SUNNYSIDE — Heartlinks Hospice & Palliative Care appointed Shelby Moore as its new executive director following Ronald K. Jetter’s retirement on Friday, April 26.
Jetter spent 11 years as the organization’s principal manager. He acknowledged the privilege of working with an amazing staff to provide the best quality care in the Northwest.
The decision to leave his role was a difficult one but the timing seemed to be right.
“Stepping back from hospice and stepping up to help care for family members,” Jetter communicated. “Providing respite and taking time to be with ones I love while I still can.”

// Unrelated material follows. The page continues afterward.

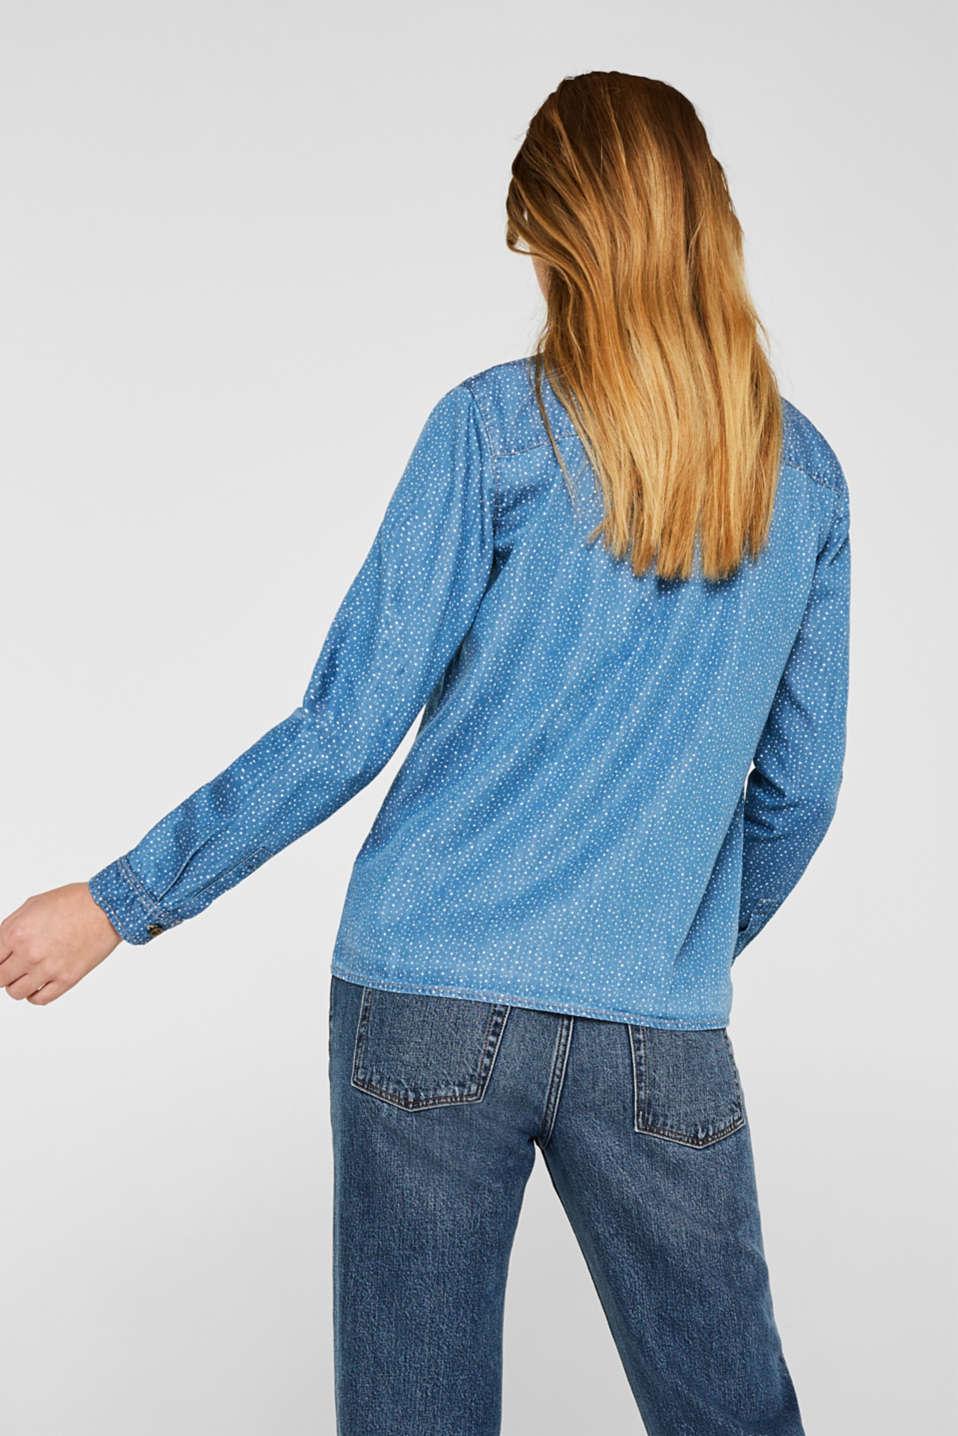 Printed denim blouse, 100% cotton, BLUE LIGHT WASH, detail image number 3

“Ron’s service to Heartlinks Hospice & Palliative Care and the greater community here in Southeast Washington state has been positively impactful,” Chair of the Board of Directors Tammy Hollingsworth said in a prepared statement.
Moore has been with the organization for almost three years as the Development Director. She will now oversee 46 medical and support staff personnel in her senior management role.
“Being elected by the Board of Directors is the biggest honor I have ever received,” Moore proudly explained. “They have empowered me to lead an organization with a 41-year legacy, which is a huge responsibility and privilege.”
A native of Washington state, Moore holds a Master’s degree in Public Administration from the University of Montana, with a focus on nonprofit management.
She will continue to work closely with Clinical Director Debra Roe-Johnson, RN, CHPN, to serve and care for the local community.
Over the past year, the two have worked on implementing an updated version of organization’s palliative care, which focuses on relieving patients’ symptoms, while seeking treatment.
“This year, we’ve been able to send registered nurses and social workers into the home for adults and children with a life-limiting illness,” Moore added.
The new executive leader has an immediate goal in place as she looks to expand the program, while effectively managing hospice resources.
“My vision for this organization is to continue helping more patients in need and to fill the gap in serving our Spanish speaking patients and terminally ill adults and children,” she acknowledged.